Do not support this - you dont get your money back if they dont reach their goal. Which is irrelevant, it's not going to happen.


----------



## sulphur (Jun 2, 2011)

I see that they're going to keep the pricing in the same ballpark, according to the top packages. 8)


----------



## Hamstrung (Sep 21, 2007)

He's playing nostalgic cork sniffers for suckers. Gibson should sue him for stealing that idea! :smile-new:


----------



## ronmac (Sep 22, 2006)

I see that the campaign is ended. Perhaps he failed to recognize that Mr.Henry J. is a lawyer with a lot of experience protecting his trademarks in the courts.


----------



## keto (May 23, 2006)

Hahaha good call, Ronmac.

It was so much fail, pardon the internetism. Hadn't talked to Gibson. Guessing at a price....for the name only, as if they'd give only that up. Many other face palmers if you read through the entire thing.


----------



## cheezyridr (Jun 8, 2009)

keto said:


> Hahaha good call, Ronmac.
> 
> It was so much fail, pardon the internetism.


----------



## High/Deaf (Aug 19, 2009)

Hamstrung said:


> He's playing nostalgic cork sniffers for suckers. Gibson should sue him for stealing that idea! :smile-new:


I've never seen that category. I guess I don't watch enough Jeopardy.

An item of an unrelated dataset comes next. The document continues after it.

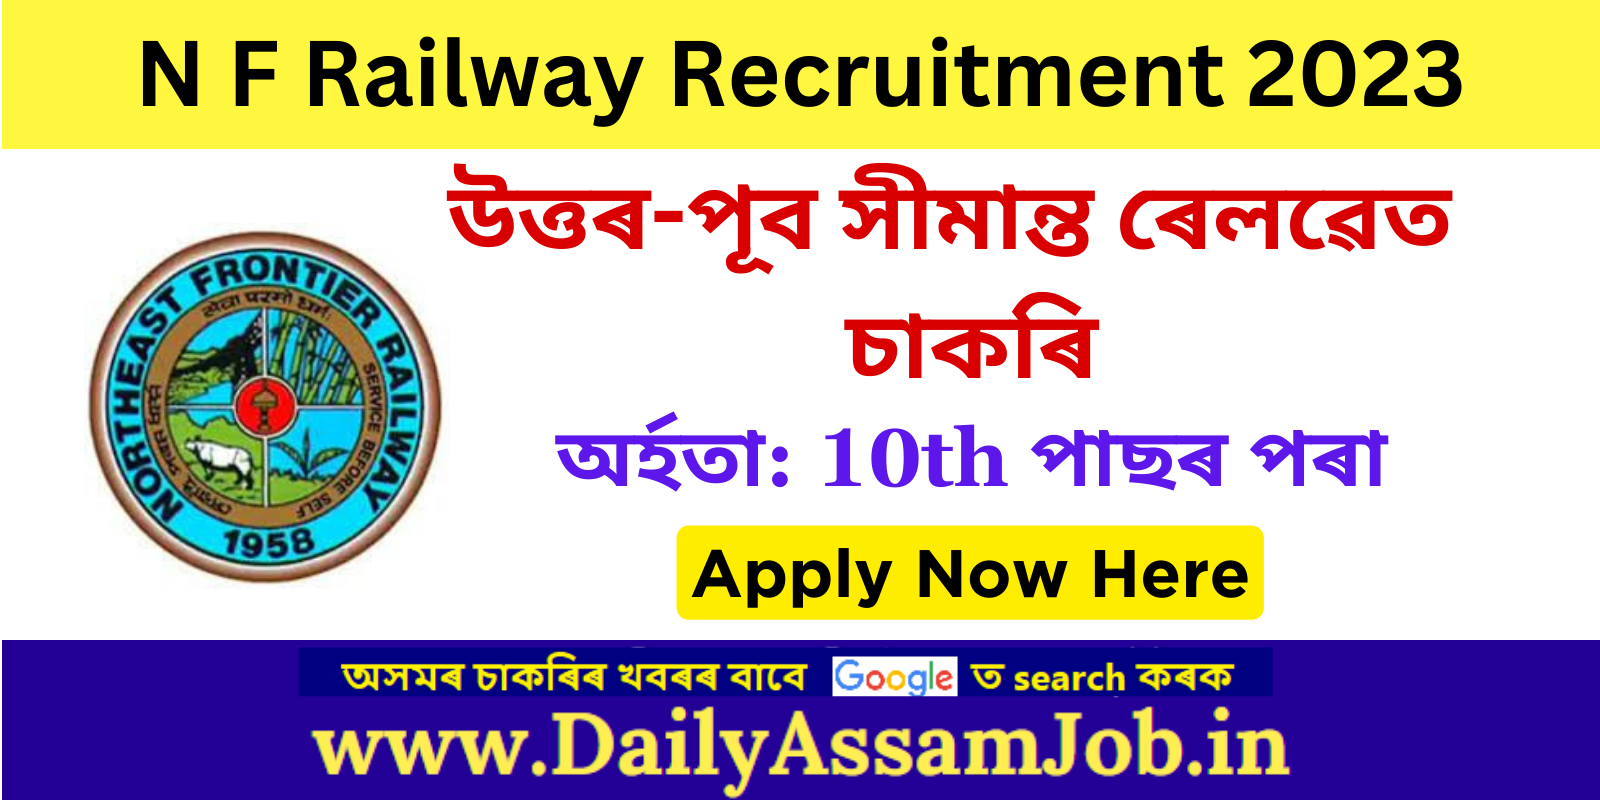 Assam Career :: N F Railway Recruitment 2023 for 12 Vacancy @ Scout & Guide Quota

"Alex, I'll take 'Nostalgic Cork Sniffers for Suckers' for $500".


----------



## DrumBob (Aug 17, 2014)

I read the whole thing through and thought it was great...for about five minutes. What turned me off was the request for donations for get to their goal, then sheepishly saying, "Welllll, if this doesn't happen, nobody's getting their money back."

Sorry, they can kiss my Italian-American rear end. Someone should call the Federal Trade Commission.


----------